GDR-GMA: Machine Unlearning via Direction-Rectified and Magnitude-Adjusted Gradients

Published: 20 Jul 2024, Last Modified: 06 Aug 2024MM2024 PosterEveryoneRevisionsBibTeXCC BY 4.0
Abstract: As concerns over privacy protection grow and relevant laws come into effect, machine unlearning (MU) has emerged as a pivotal research area. Due to the complexity of the forgetting data distribution, the sample-wise MU is still open challenges. Gradient ascent, as the inverse of gradient descent, is naturally applied to machine unlearning, which is also the inverse process of machine learning. However, the straightforward gradient ascent MU method suffers from the trade-off between effectiveness, fidelity, and efficiency. In this work, we analyze the gradient ascent MU process from a multi-task learning (MTL) view. This perspective reveals two problems that cause the trade-off, i.e., the gradient direction problem and the gradient dominant problem. To address these problems, we propose a novel MU method, namely GDR-GMA, consisting of Gradient Direction Rectification (GDR) and Gradient Magnitude Adjustment (GMA). For the gradient direction problem, GDR rectifies the direction between the conflicting gradients by projecting a gradient onto the orthonormal plane of the conflicting gradient. For the gradient dominant problem, GMA dynamically adjusts the magnitude of the update gradients by assigning the dynamic magnitude weight parameter to the update gradients. Furthermore, we evaluate GDR-GMA against several baseline methods in three sample-wise MU scenarios: random data forgetting, sub-class forgetting, and class forgetting. Extensive experimental results demonstrate the superior performance of GDR-GMA in effectiveness, fidelity, and efficiency. Code is available at https://github.com/RUIYUN-ML/GDR-GMA.

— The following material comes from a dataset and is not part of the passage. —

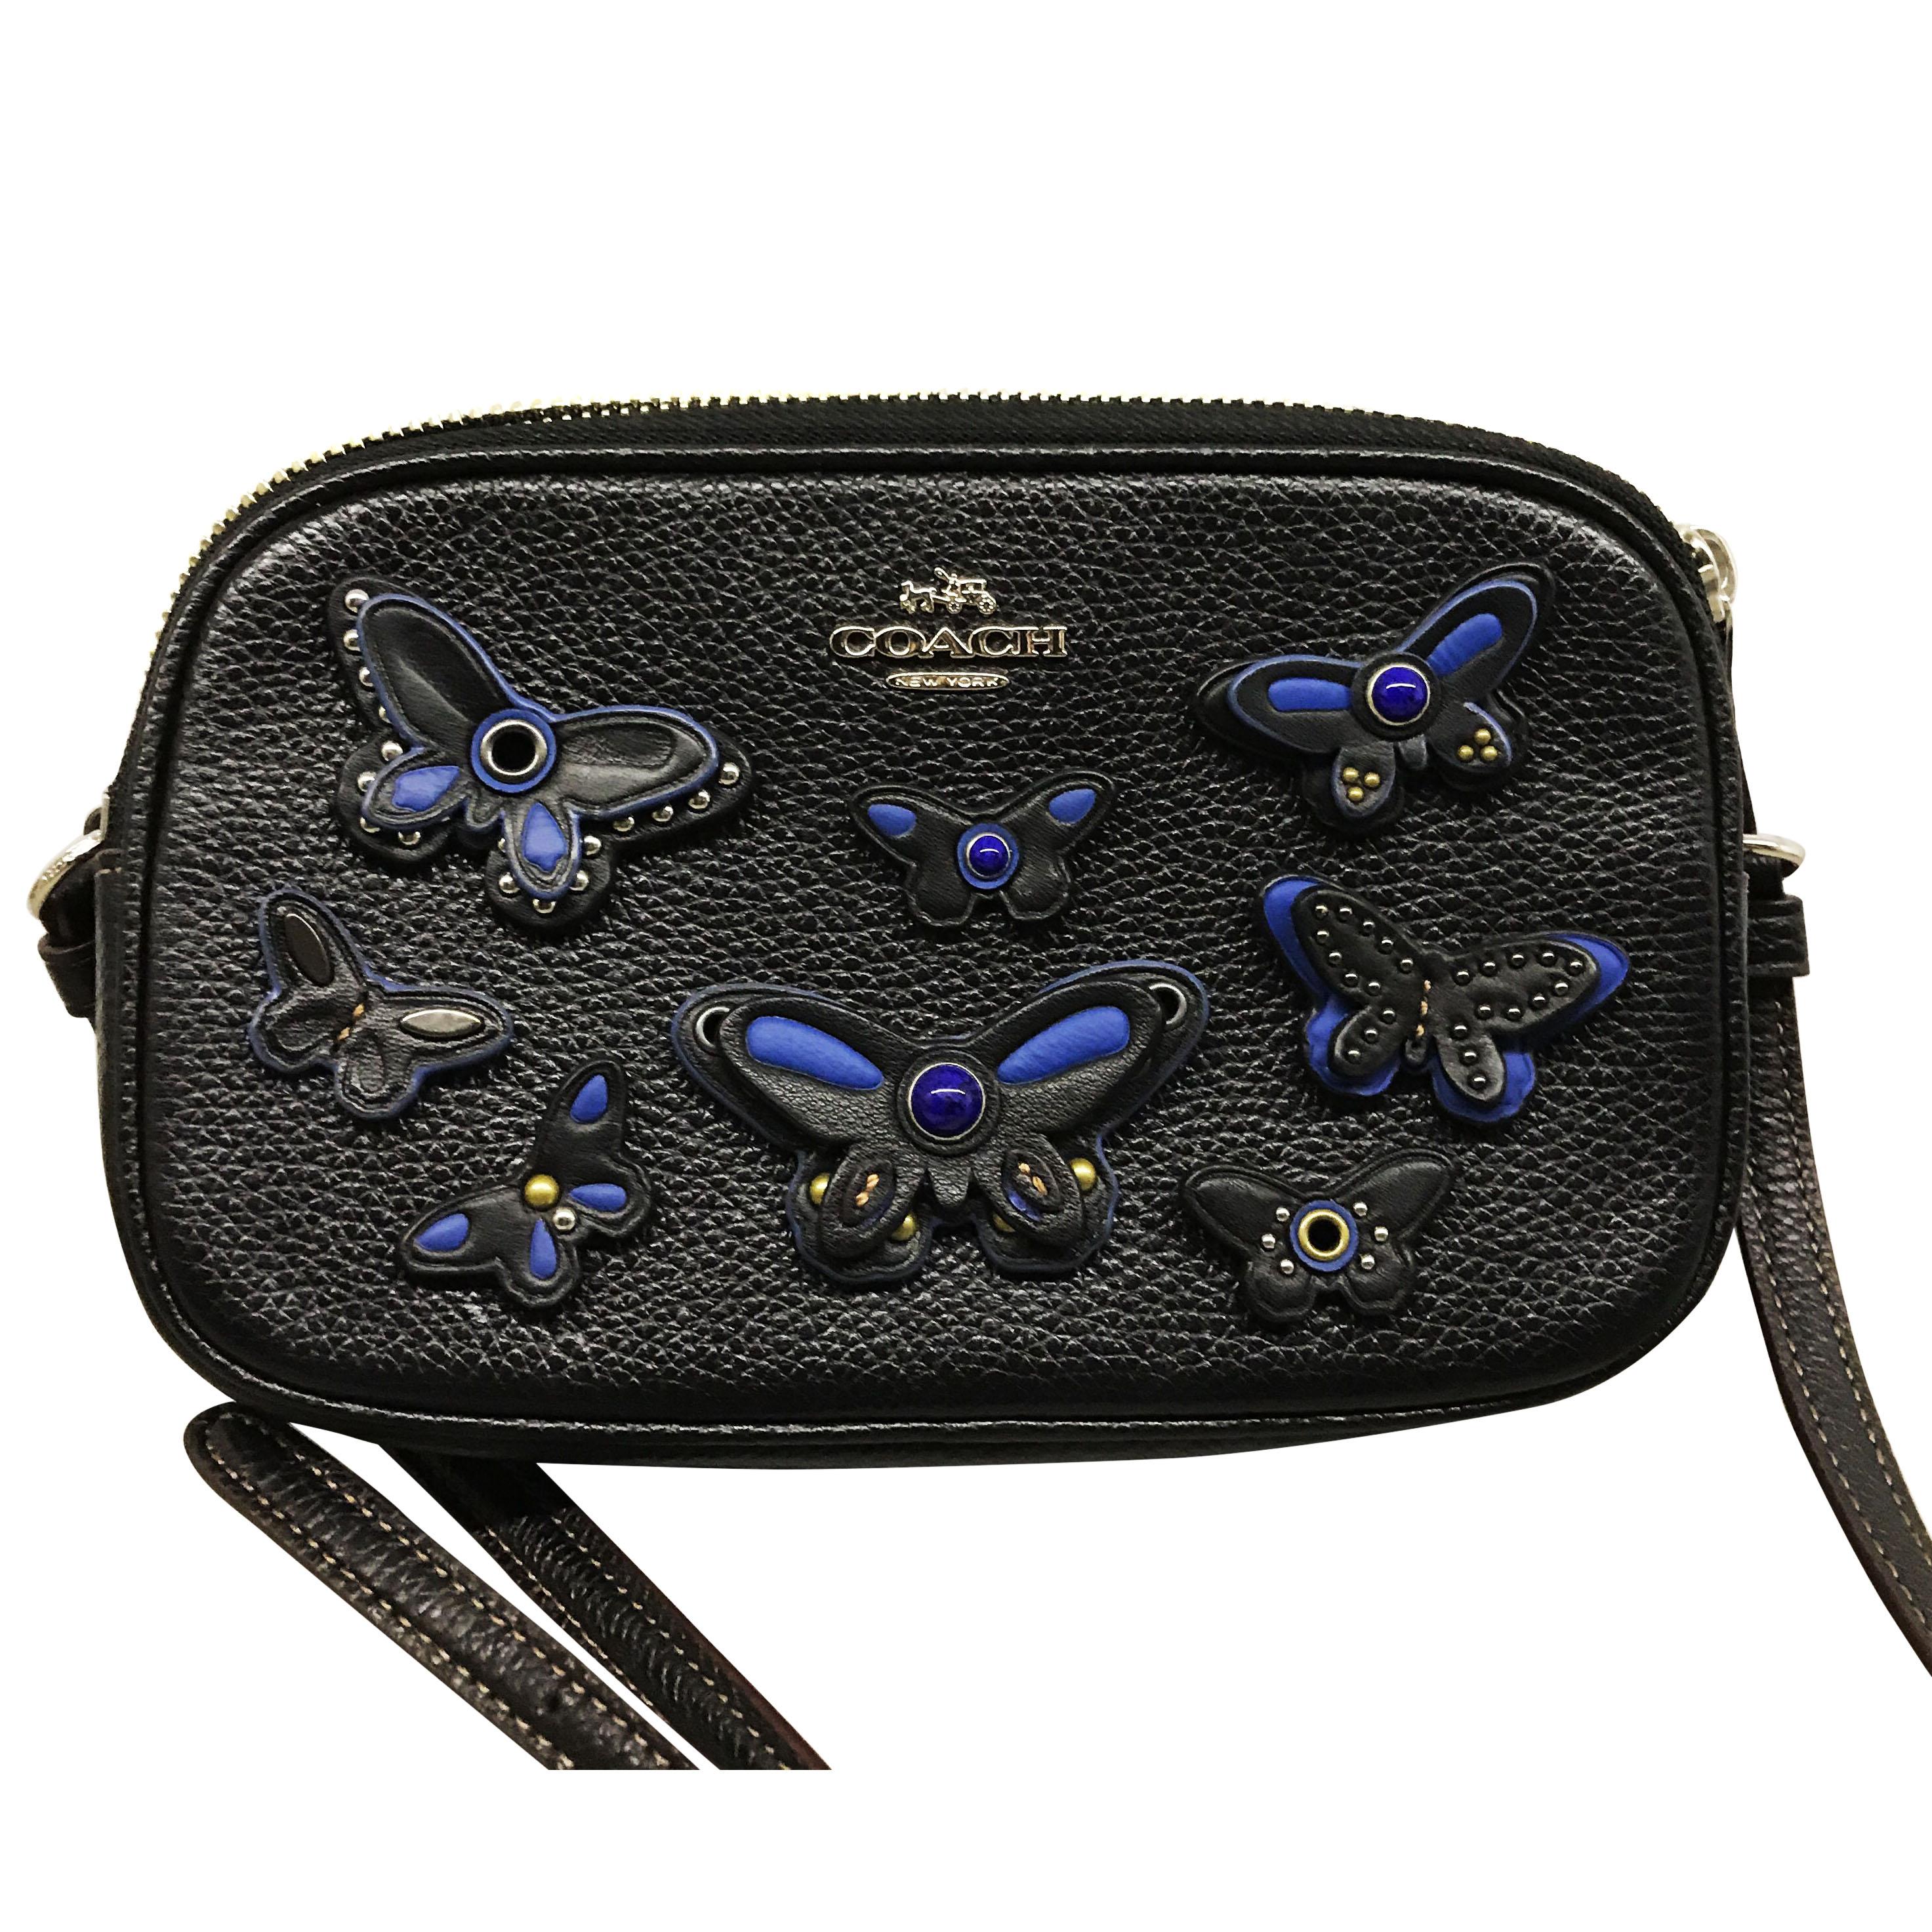 Coach black cross body bag with blue butterflies

Primary Subject Area: [Content] Vision and Language
Secondary Subject Area: [Content] Media Interpretation, [Systems] Data Systems Management and Indexing
Relevance To Conference: In this work, we introduce a novel approach to machine unlearning, focusing on the selective removal of data from the machine learning models. Our method is particularly relevant to the evolving field of multimedia research, where data privacy and the right to be forgotten are of paramount importance. By facilitating the precise deletion of specific information without compromising the integrity of the remaining data, we contribute to enhancing data privacy protections in multimedia systems. Moreover, this capability for selective data removal introduces a new level of flexibility in multimedia data systems management, allowing for dynamic updates and modifications in response to user requests or legal requirements. This not only helps in safeguarding user privacy but also in maintaining the relevance and accuracy of multimedia content over time.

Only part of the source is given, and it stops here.